- Edelgard as depicted in Fire Emblem Heroes
- First game: Fire Emblem: Three Houses (2019)
- Designed by: Chinatsu Kurahana
- Voiced by: English Tara Platt; Japanese Ai Kakuma;

In-universe information
- Weapon: Swords, axes
- Origin: Adrestian Empire

= Edelgard von Hresvelg =

Video game character

Edelgard von Hresvelg (エーデルガルト＝フォン＝フレスベルグ, Ēderugaruto fon Furesuberugu) is one of the main characters in Fire Emblem: Three Houses (2019) and later on its spin-off Fire Emblem Warriors: Three Hopes (2022), both of which are part of Nintendo's tactical role-playing video game franchise Fire Emblem. She is the heir to the once-mighty Adrestian Empire and the leader of the Black Eagles, one of the three main student houses of Garreg Mach Monastery.

While she begins as an ally and later student of Byleth, the game's protagonist, a mid-game plot twist reveals her to be the enigmatic Flame Emperor (炎帝, Entei), a guise under which she plots to overthrow the Church of Seiros and conquer the other nations of Fódlan to create a society in which Crests — hereditary birth marks demonstrating noble blood and unique potential — hold no sway over social status.

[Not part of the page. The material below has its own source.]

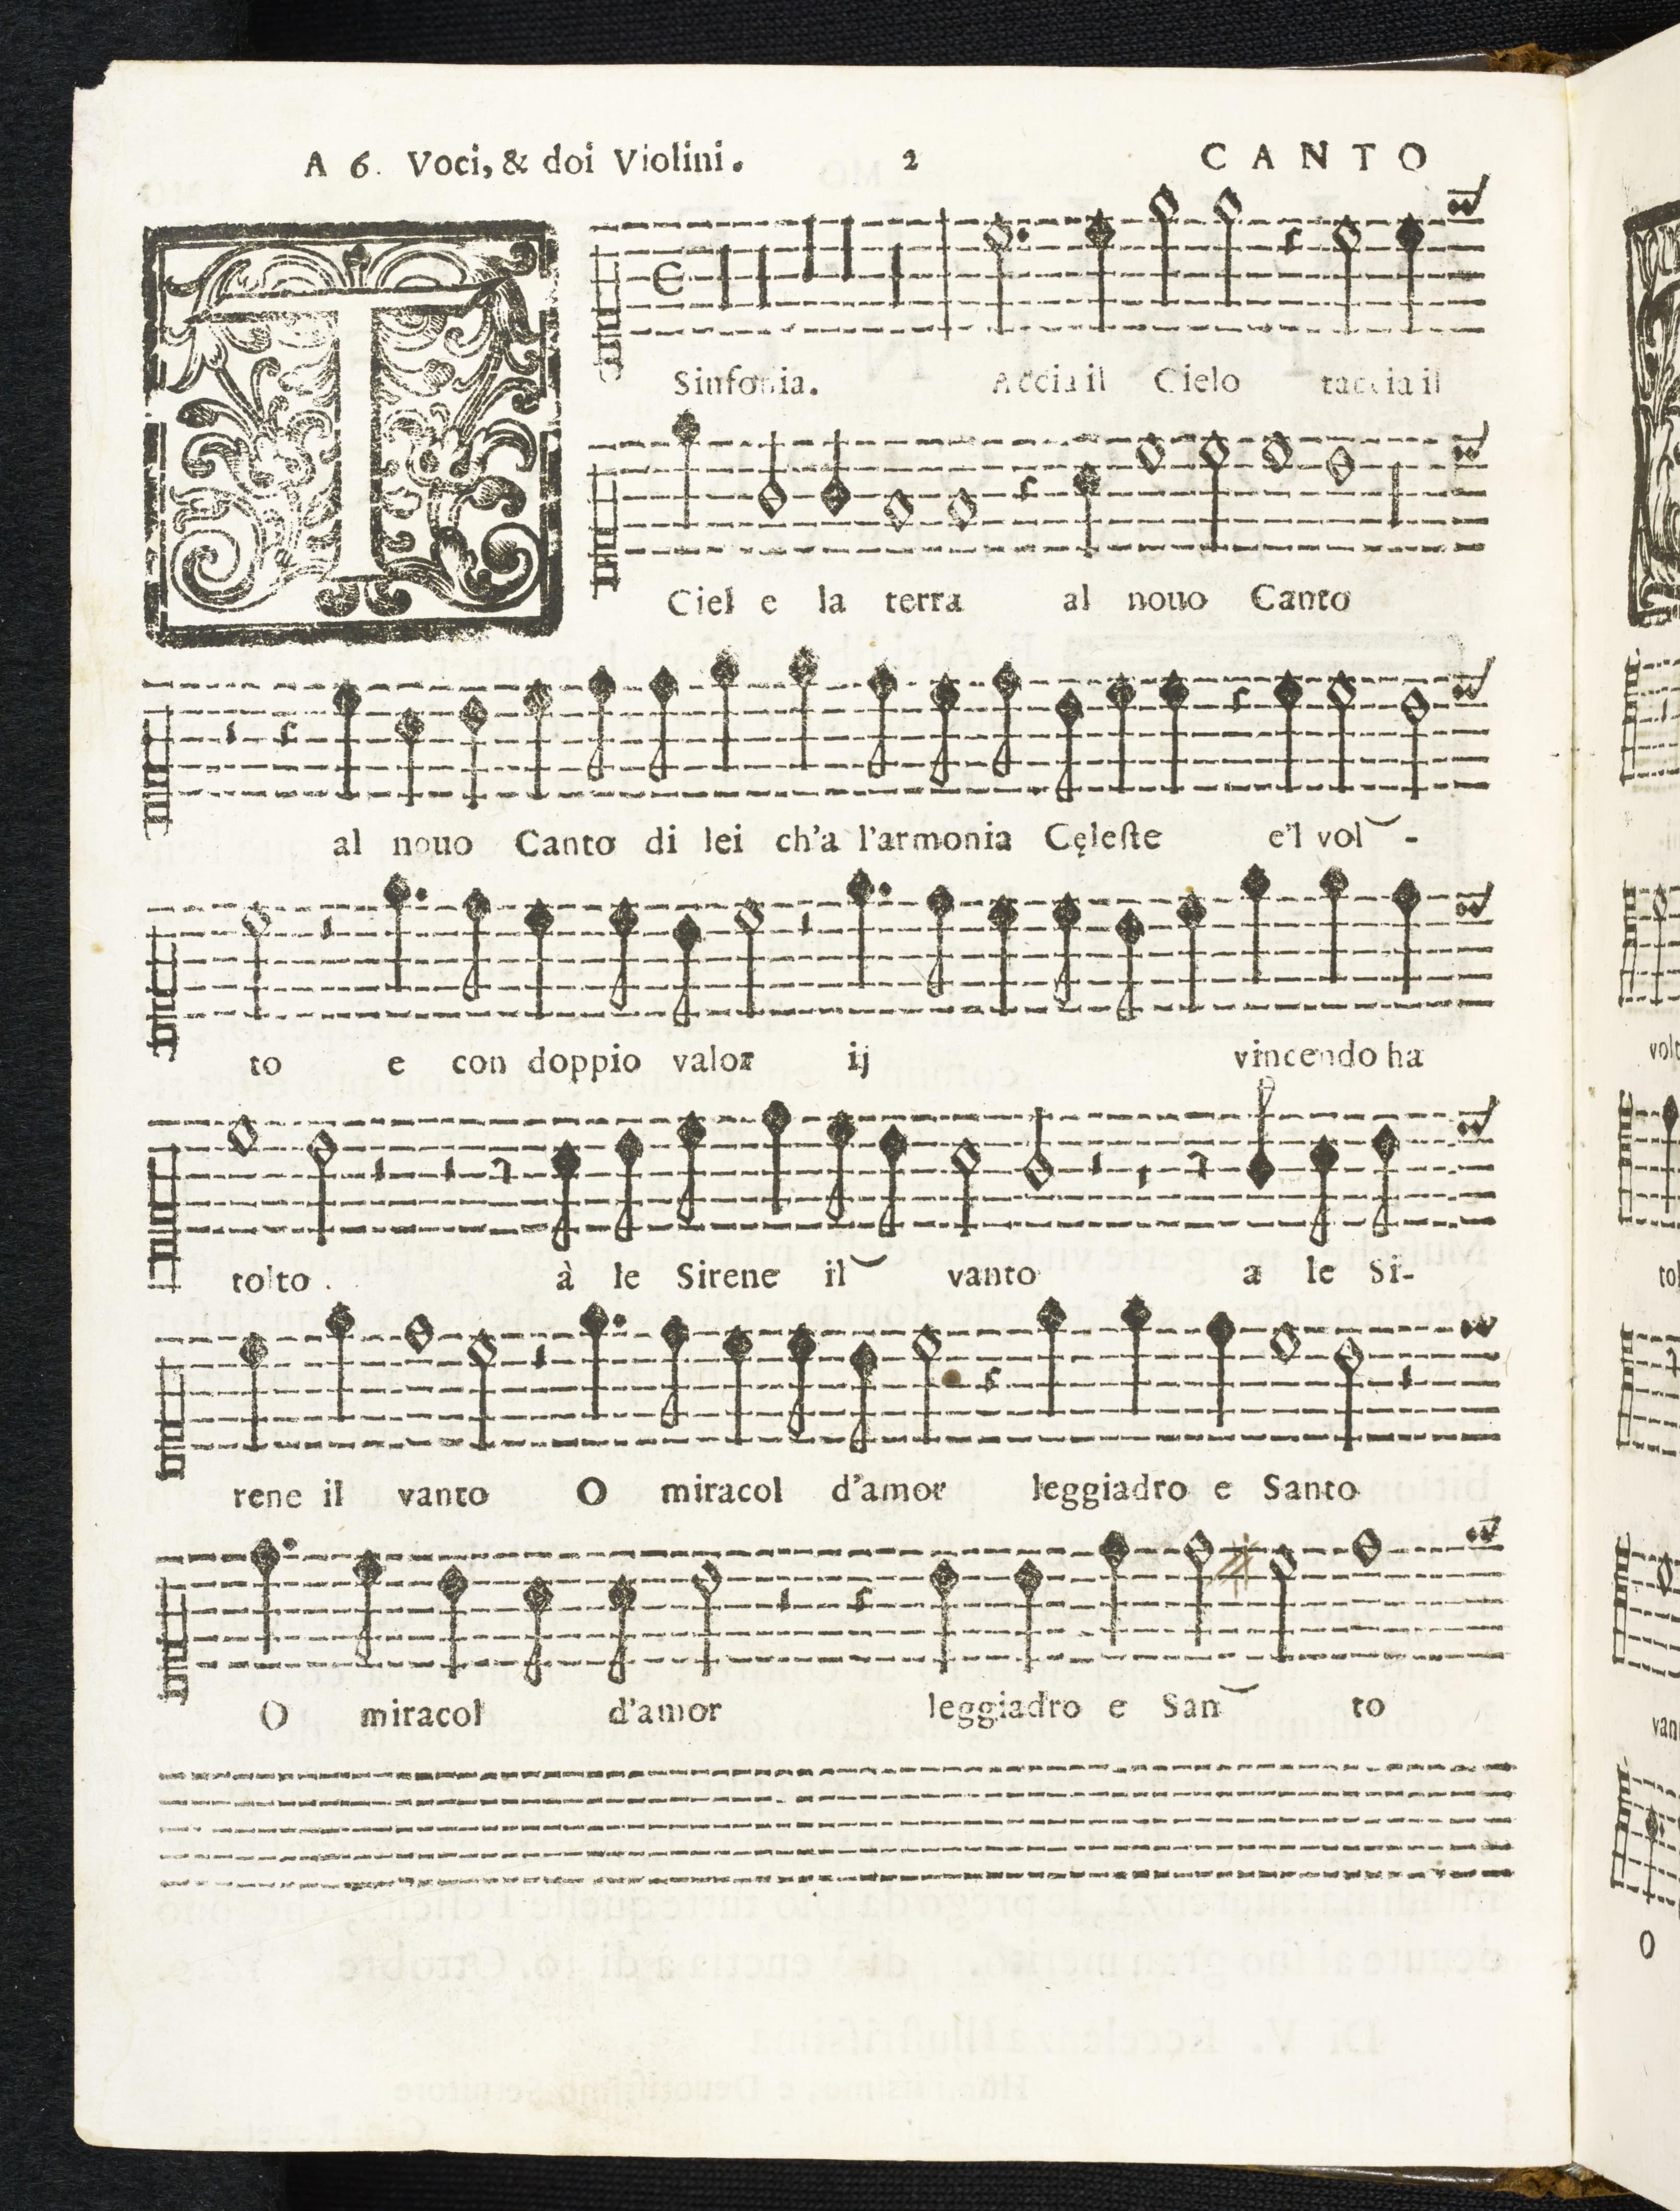 Taccio il Cielo in la Terra, Rovetta, 1629, Canto

In order to achieve this, she is willing to wage war against the Church and ally with the mysterious faction known as Those Who Slither in the Dark to achieve her ambitions.

If the player chooses to teach the Black Eagles House at the start of the game and meets certain other requirements, they are given the choice of joining her cause, which leads to her becoming the main protagonist of her routes; in all other scenarios where the player opposes her, she becomes one of the games' main antagonists.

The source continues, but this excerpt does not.